Accompanies DS 2000. Applies topics from the course through various experiments and in a variety of contexts.

**DS 2990. Elective. 1-4 Hours.**

Offers elective credit for courses taken at other academic institutions. May be repeated without limit.

**DS 3990. Elective. 1-4 Hours.**

Offers elective credit for courses taken at other academic institutions. May be repeated without limit.

**DS 4100. Data Collection, Integration, and Analysis. 4 Hours.**

Studies how to collect data from multiple sources and integrate them into consistent data sets. Covers how to use semi-automated and automated classification to integrate disparate data sets; how to parse data from files, XML, JSON, APIs, and structured data stores to construct analyzable data sets that are stored in databases; and how to assess and ensure quality of data.

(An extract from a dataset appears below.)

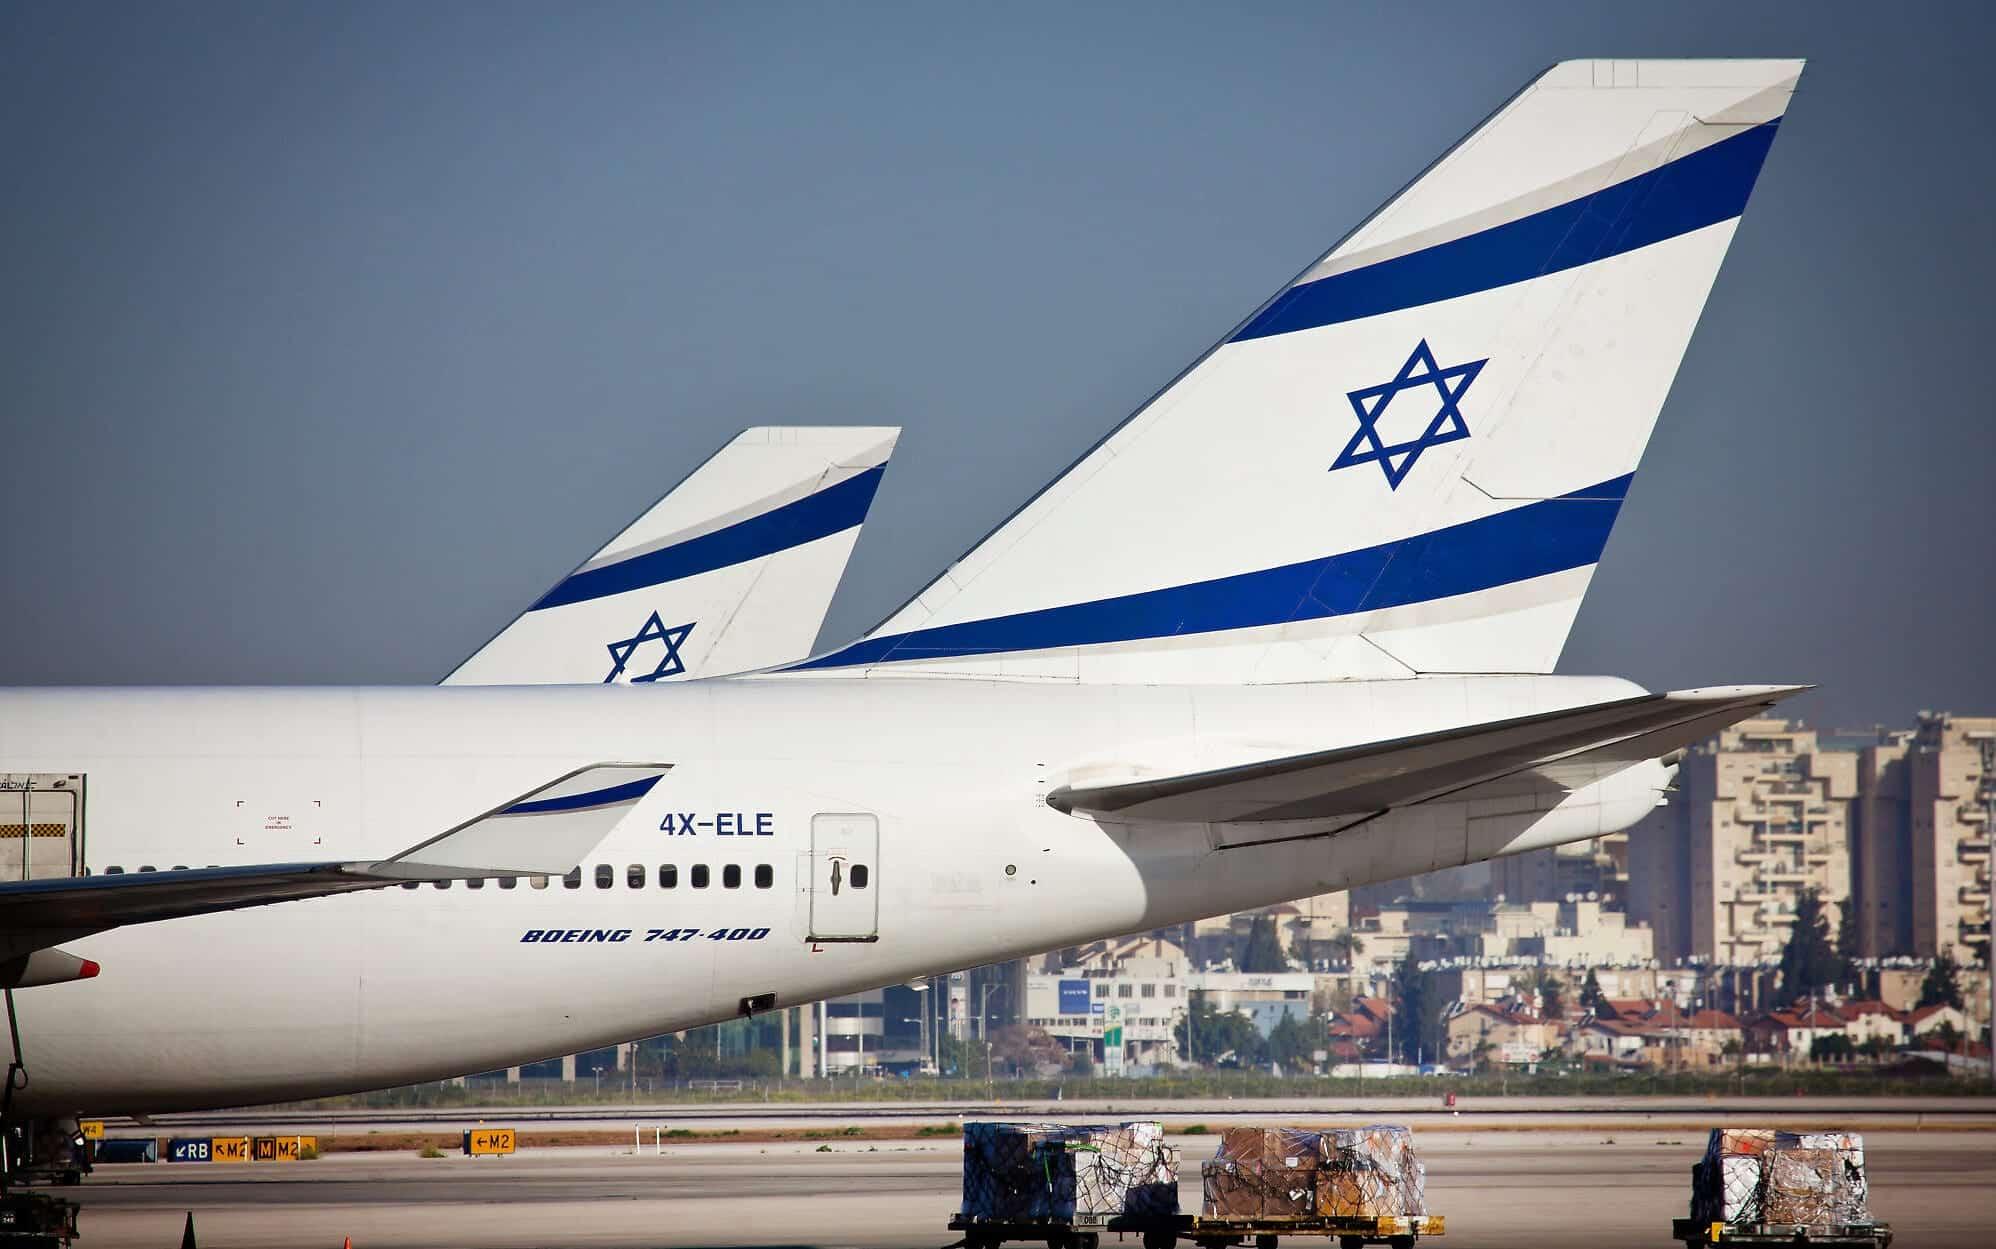 Самолеты компании Эль Аль в аэропорту Бен-Гурион фото

Introduces key concepts of algorithms and data structures, including divide-and-conquer, sorting and selection, and graph traversal and descriptive analysis of data through descriptive statistics and plotting. Analyzes complexity and run-time behavior of programs. Presents approaches for data anonymization and protecting data privacy. Studies data shaping and manipulation techniques for data analysis and the R and Python programming languages.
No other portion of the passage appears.